Among the cases submitted to the Court this year is the border dispute between the West African countries of Burkina Faso and Niger, as well as a suit filed by Australia against Japan for allegedly breaching international law regarding whaling.

In addition to the judgements rendered over the past year, the Court issued an advisory opinion in July, in response to a request by the General Assembly, stating that Kosovo’s unilateral declaration of independence from Serbia in February 2008 did not violate international law.

Judge Owada noted that the rule of law now permeates every aspect of the UN’s activities, from the maintenance of peace and security to the protection of human rights, from the fight against poverty to the protection of the global environment.

“While every part of the Organization has a role to play in the promotion of the rule of law, the Court, as the principal judicial organ of the United Nations, is expected to play a central role in this area,” he stated.

“By working to strengthen the rule of law, the Organization can strengthen its moral fibres that are so essential to uniting an increasingly interconnected world,” he added.

Judges serving on the ICJ, which is based in The Hague, are chosen on the basis of their qualifications, not on the basis of nationality, and care is taken to ensure that the principal legal systems of the world are represented. No two judges can be from the same country.

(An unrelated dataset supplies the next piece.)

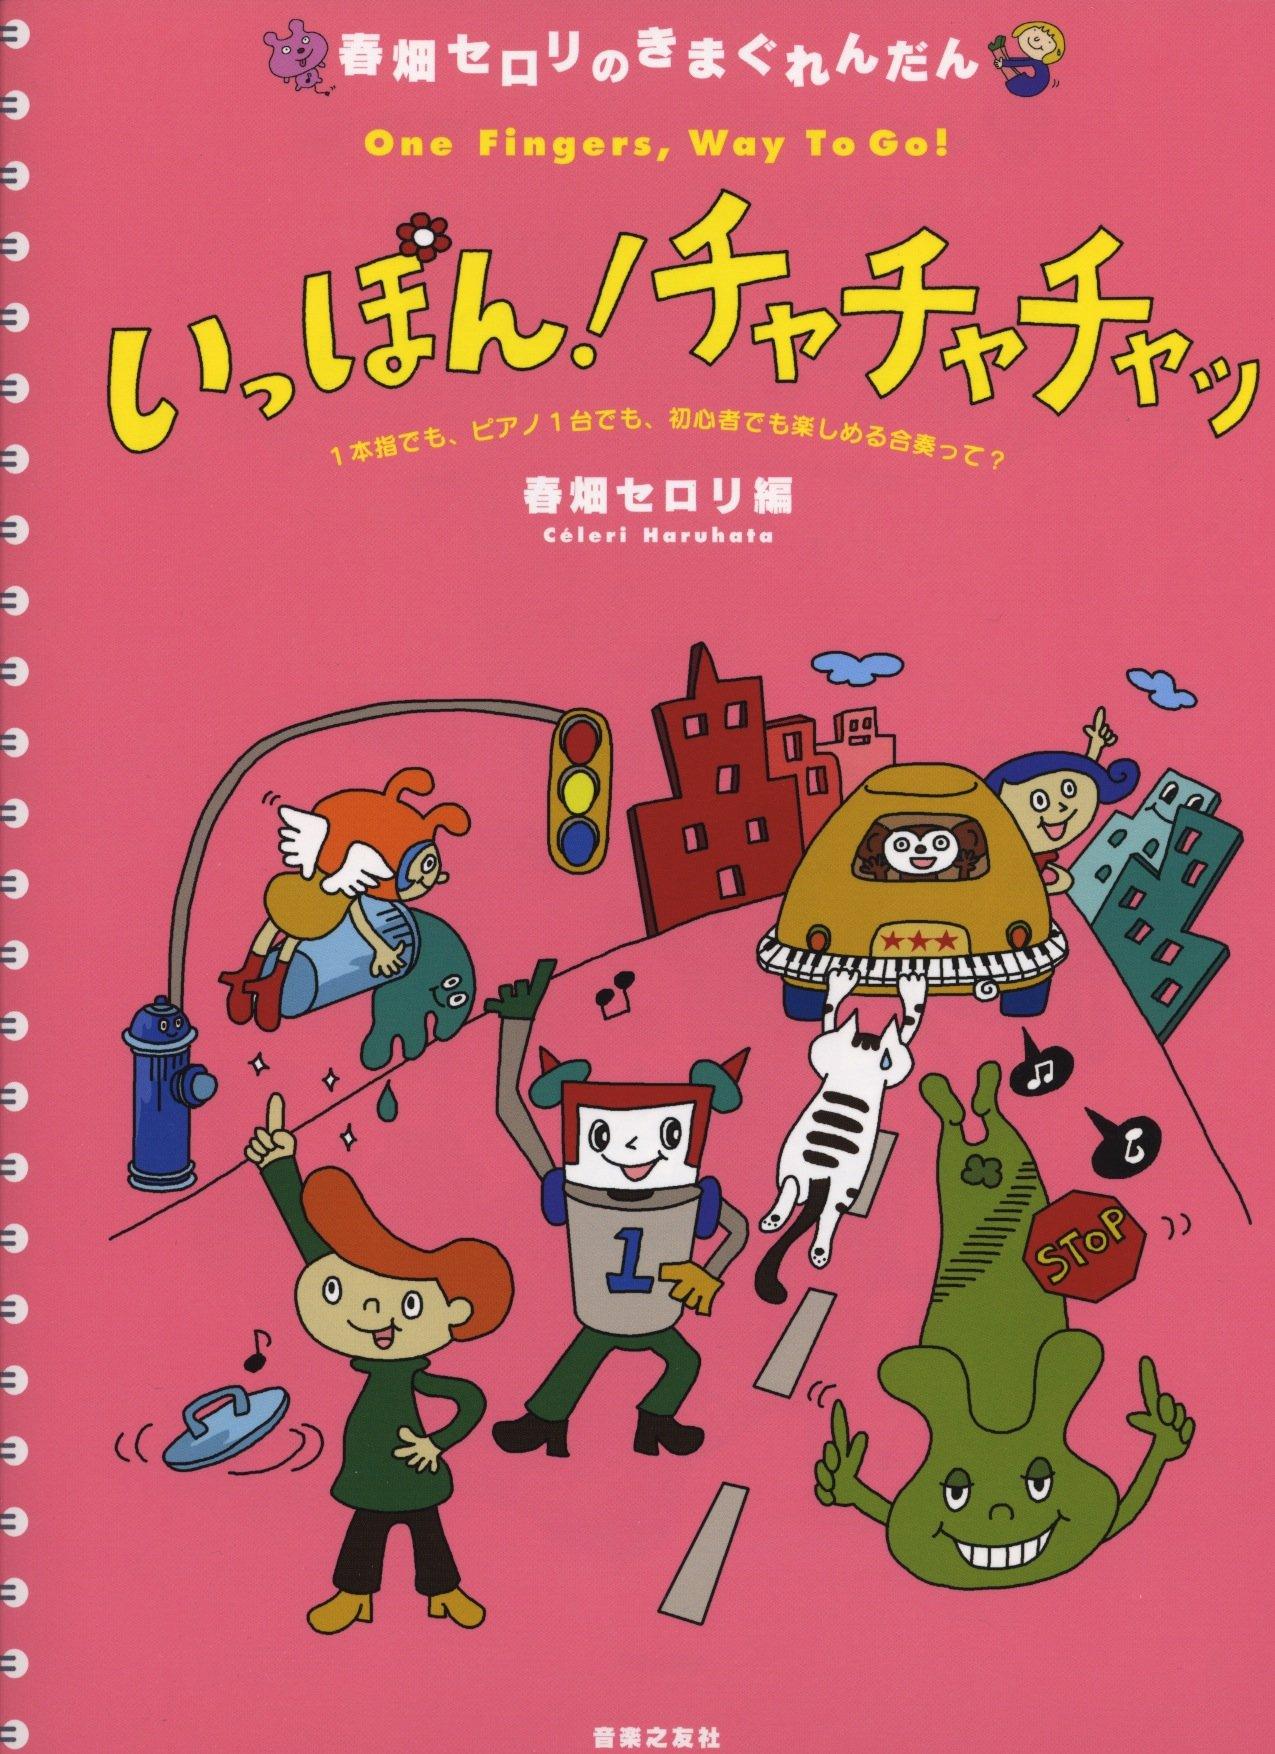 Download Ippon chachachatu : Haruhata serori no kimagurendan ebook

They cannot engage in any other occupation during their term of office.

The Court is currently comprises President Owada (Japan); Vice-President Peter Tomka (Slovakia); and Judges Abdul G. Koroma (Sierra Leone), Awn Shawkat Al-Khasawneh (Jordan), Joan E. Donoghue (United States) and Bruno Simma (Germany).

Judges Ronny Abraham (France), Kenneth Keith (New Zealand), Bernardo Sepúlveda-Amor (Mexico), Mohamed Bennouna (Morocco), Leonid Skotnikov (Russia), Antônio Augusto Cançado Trindade (Brazil), Abdulqawi Ahmed Yusuf (Somalia), Christopher Greenwood (United Kingdom) and Xue Hanqin (China) complete the 15-member body.